§ Provided data
• • • • • • •

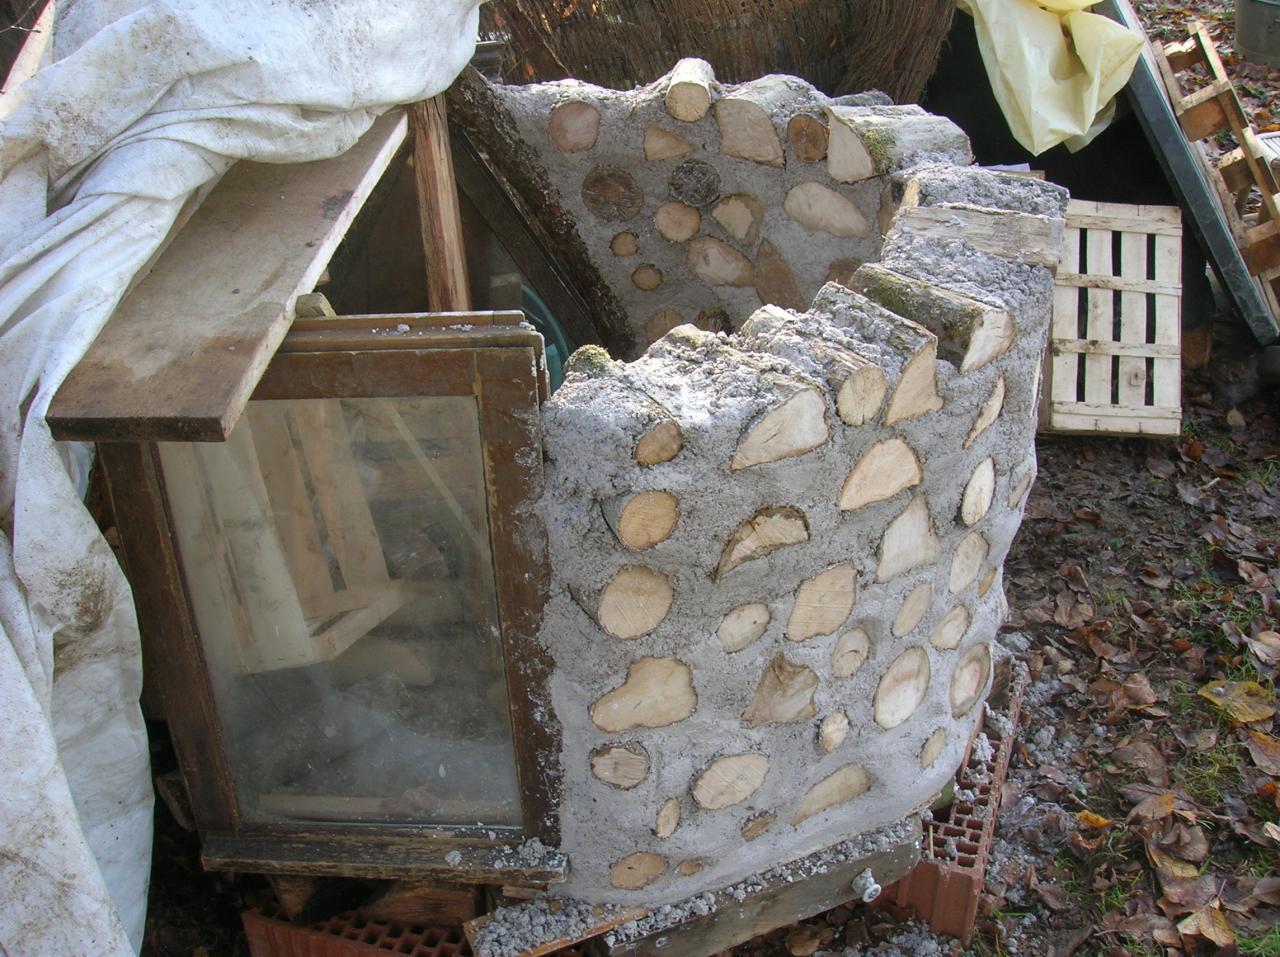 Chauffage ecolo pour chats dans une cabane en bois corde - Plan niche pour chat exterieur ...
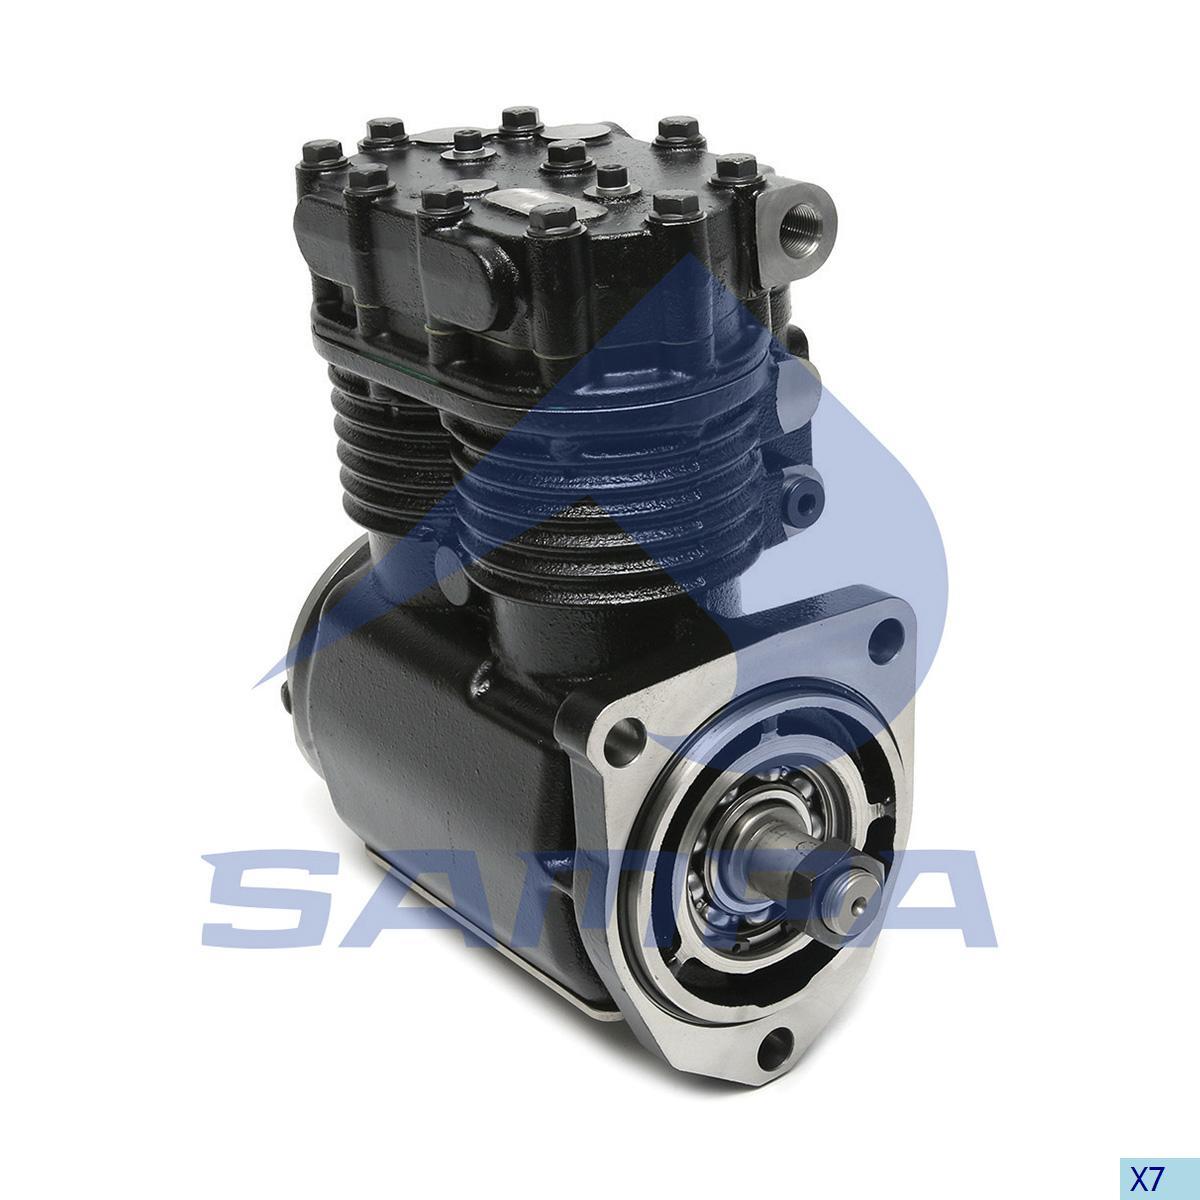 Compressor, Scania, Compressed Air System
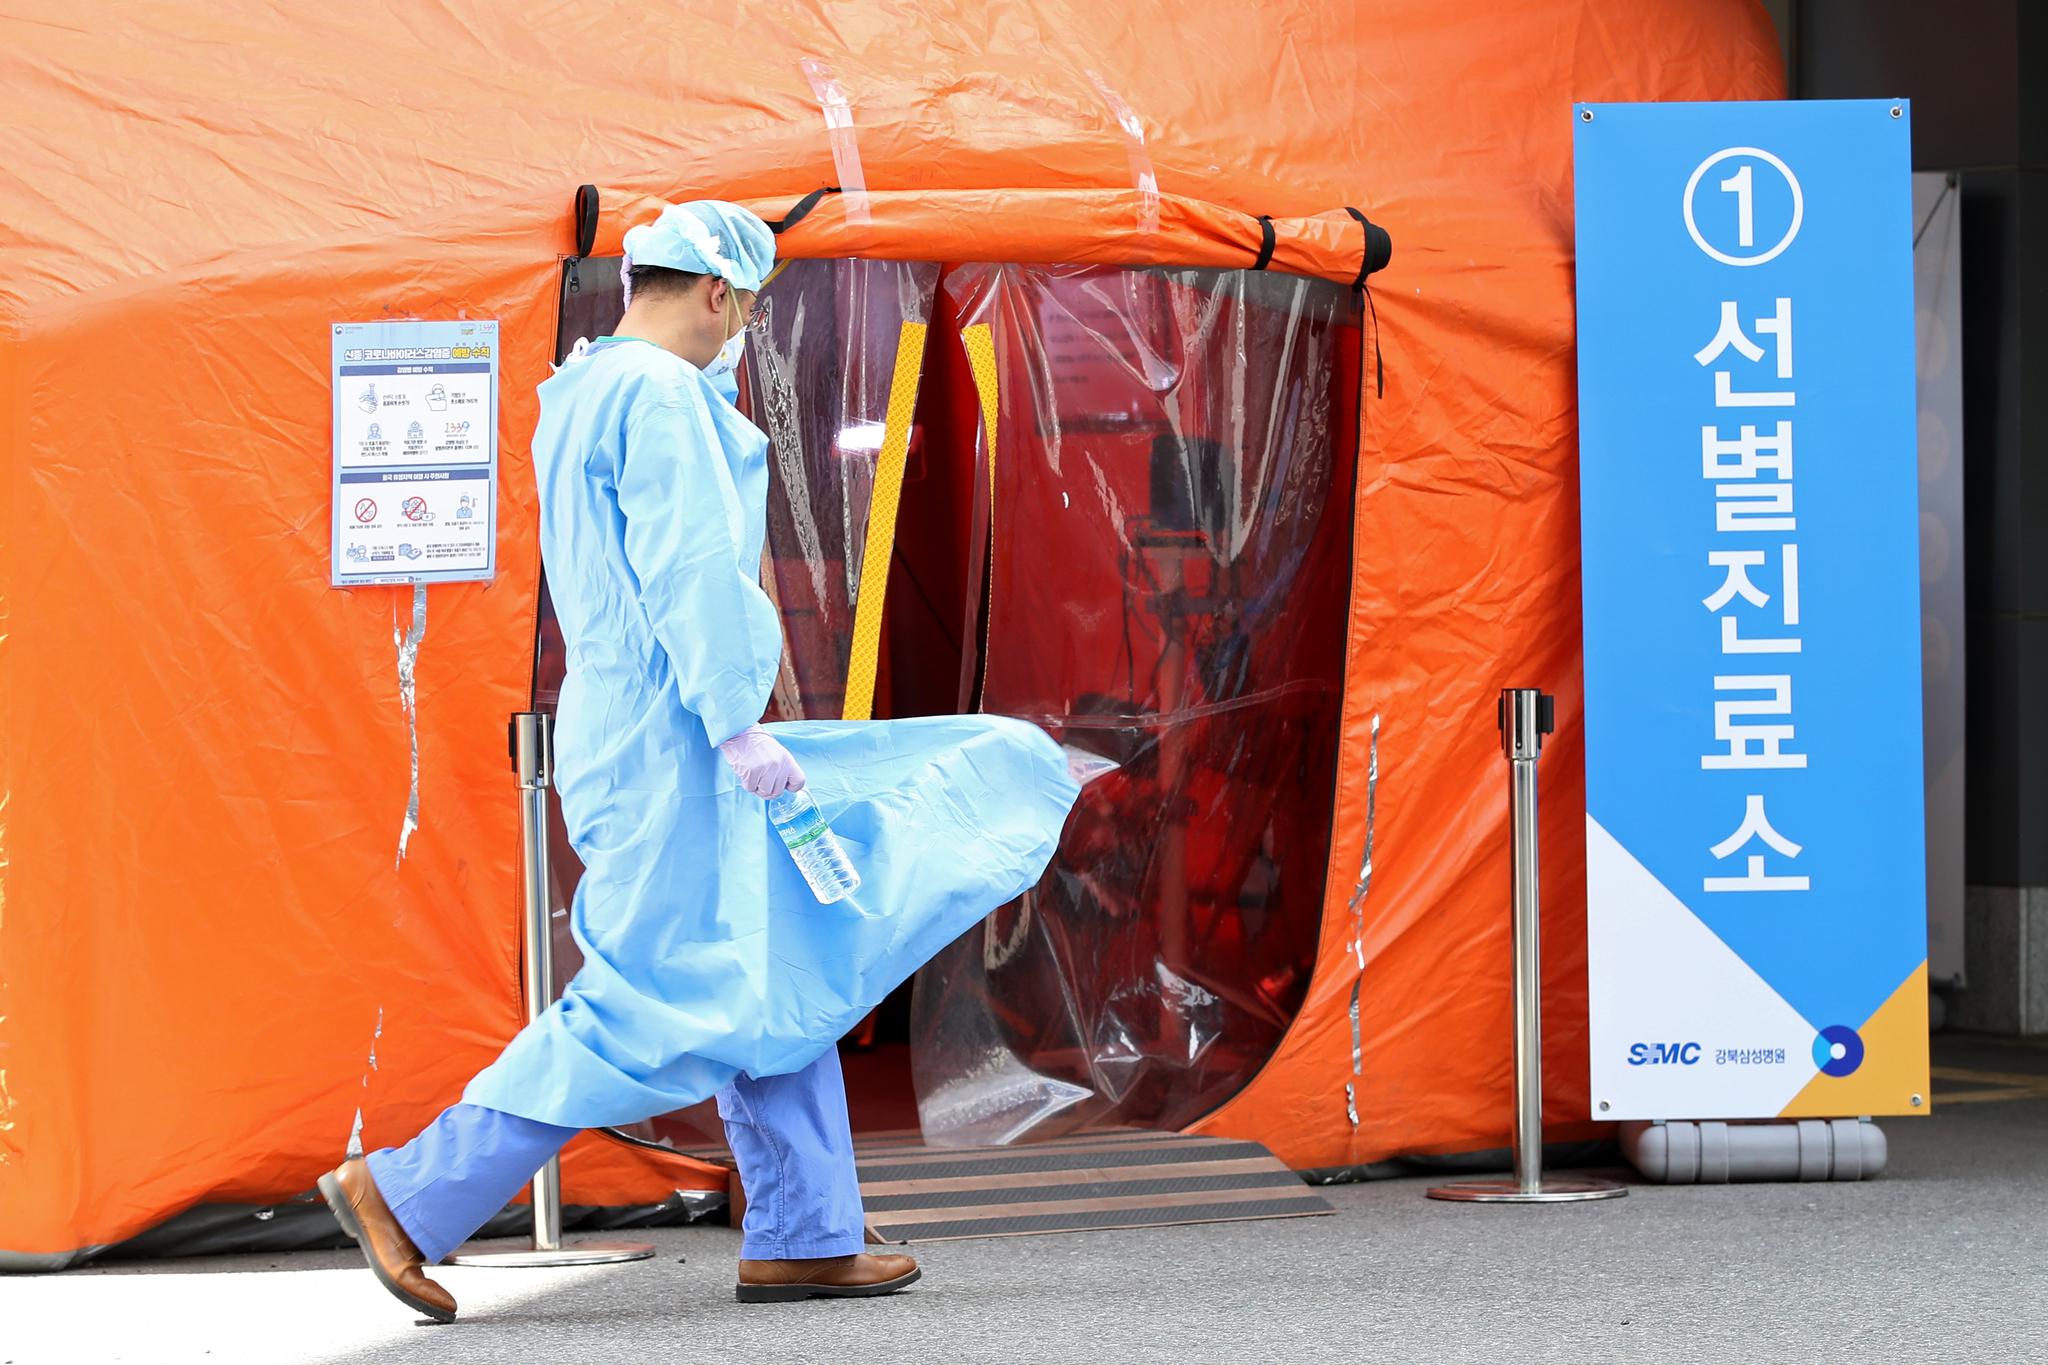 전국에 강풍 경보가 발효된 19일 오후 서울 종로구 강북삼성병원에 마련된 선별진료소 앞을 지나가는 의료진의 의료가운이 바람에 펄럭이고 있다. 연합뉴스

• • • • • • •

§ What to do
Everything in the listing, except its images, should be set down exactly.

§ Response to this exercise
 Chauffage ecolo pour chats dans une cabane en bois corde - Plan niche pour chat exterieur ...
 Compressor, Scania, Compressed Air System
 전국에 강풍 경보가 발효된 19일 오후 서울 종로구 강북삼성병원에 마련된 선별진료소 앞을 지나가는 의료진의 의료가운이 바람에 펄럭이고 있다. 연합뉴스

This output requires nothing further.